Further, in this example, it is desirable to provide relatively good isolation for all high frequency responses of the system so that interference is isolated and the cocktail party effect is fully exploited. However, this separation need not be so great that a listener can discern the interference. Generally, 10db separation is appropriate.

If the carrier frequency of the adjacent channel interference is known, ie, 10 KHz (9 KHz) from the desired carrier, only separation that is adequate at 10 KHz (9 KHz) is required. Therefore, it is unnecessary to apply a full cocktail party effect to these frequency components if they are strong enough to cause disturbances, and they may be removed by a low-pass filter such as that shown in Figure 1, or at least significantly reduced. It will be attenuated. Actually the circuit network is 10KHz (9KHz)
As long as it is appropriate, that is, 10 dB, it can be roughly configured to be several KHz or more. The simplicity of this specification allows for a substantial reduction in cost and complexity of the means for providing separation of upper and lower sideband components.

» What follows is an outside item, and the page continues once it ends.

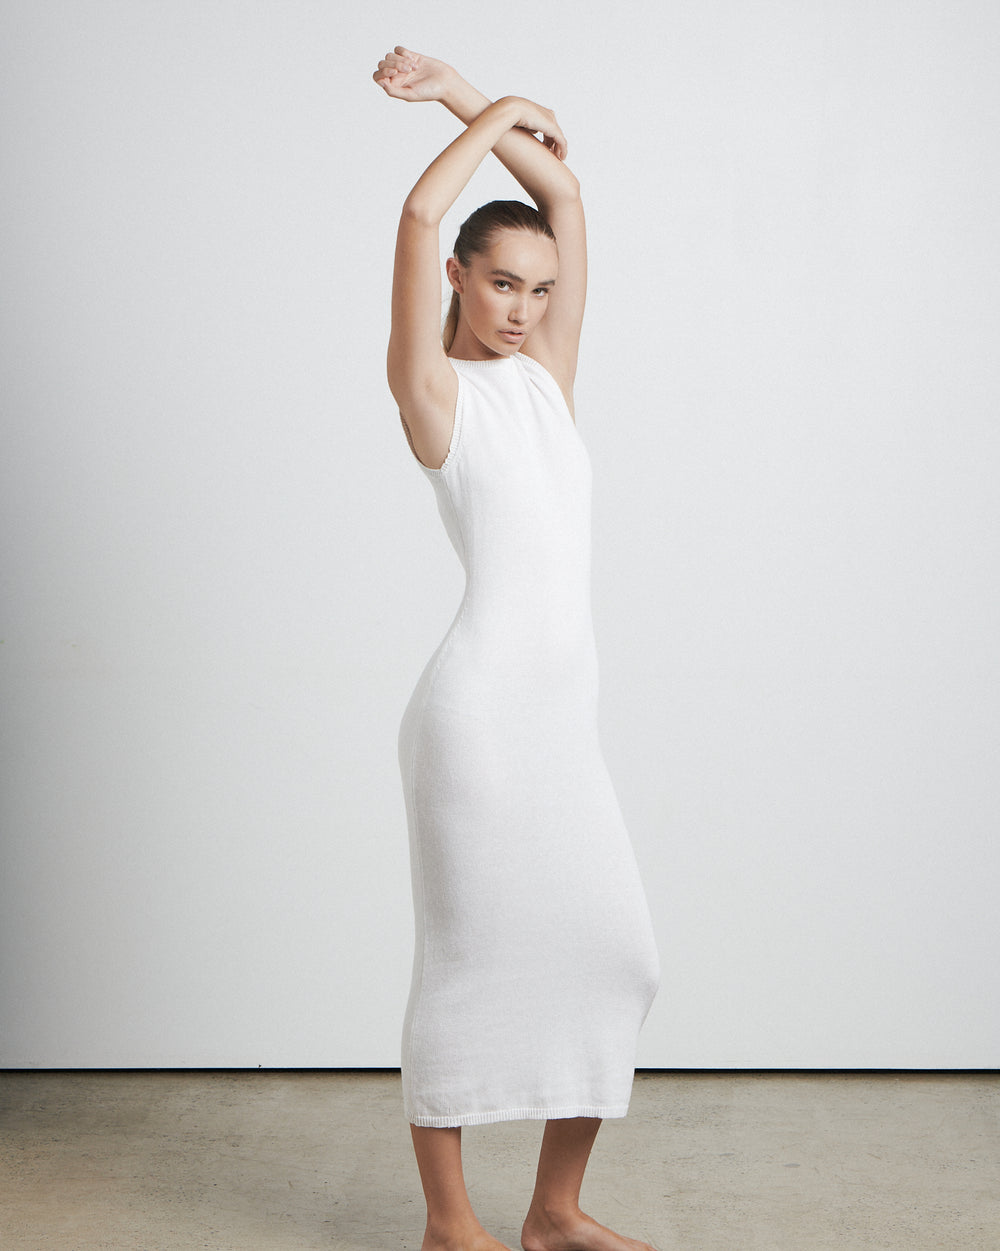 The Knitted Midi Dress

In all embodiments, the configurations described above are merely illustrative of possible specific embodiments. Of course, many variations can be made without departing from the spirit of the invention.

[Brief explanation of the drawing]

FIG. 1 is a block diagram of a typical receiving system constructed in accordance with the present invention, and FIG. 2 is a sketch illustrating severe interference that may appear on a spectral display. 102... Antenna, 104... RF-IF superheterodyne circuit, 106... Amplifier, 10
7... Line, 108... Filter, 110...
Carrier channel, 111... line, 112...
...filter, 114, 116...amplifier, 11
8,120... Product demodulator.

Claims (1)

[Claims] 1. A two-independent sideband RF system with stereo-related intelligibility that appears as sideband modulation above and below the carrier wave.
A receiver for receiving an AM stereo signal, the receiver configured such that interference from adjacent channels is heard from far left and far right on a composite stereo audio output created from the receiver output. (a) The above model due to the above adjacent channel interference.
a device that receives an RF/AM stereo signal and converts the received RF signal into a corresponding intermediate frequency (IF) signal; (b) responds to the IF signal and demodulates this signal to a frequency of 5KHz or higher This device generates a pair of stereo output signals that are substantially separated from each other with respect to interference signal components of adjacent channels, and this device comprises: (1) demodulating the amplitude modulation component of the IF signal to
(2) means for generating a signal representing +R stereo information and having a bandwidth sufficient to include the adjacent channel interference component; (2) demodulating the phase modulation component of the IF signal to generate the L signal;
- means for creating a signal representing R stereo information and having a bandwidth sufficient to include the adjacent channel interference component; (3) combining the L+R signal and the LR signal;
A receiver comprising means for producing a pair of L and R stereo output signals, and (c) a device for separately providing the stereo output signals to a stereo audio output system.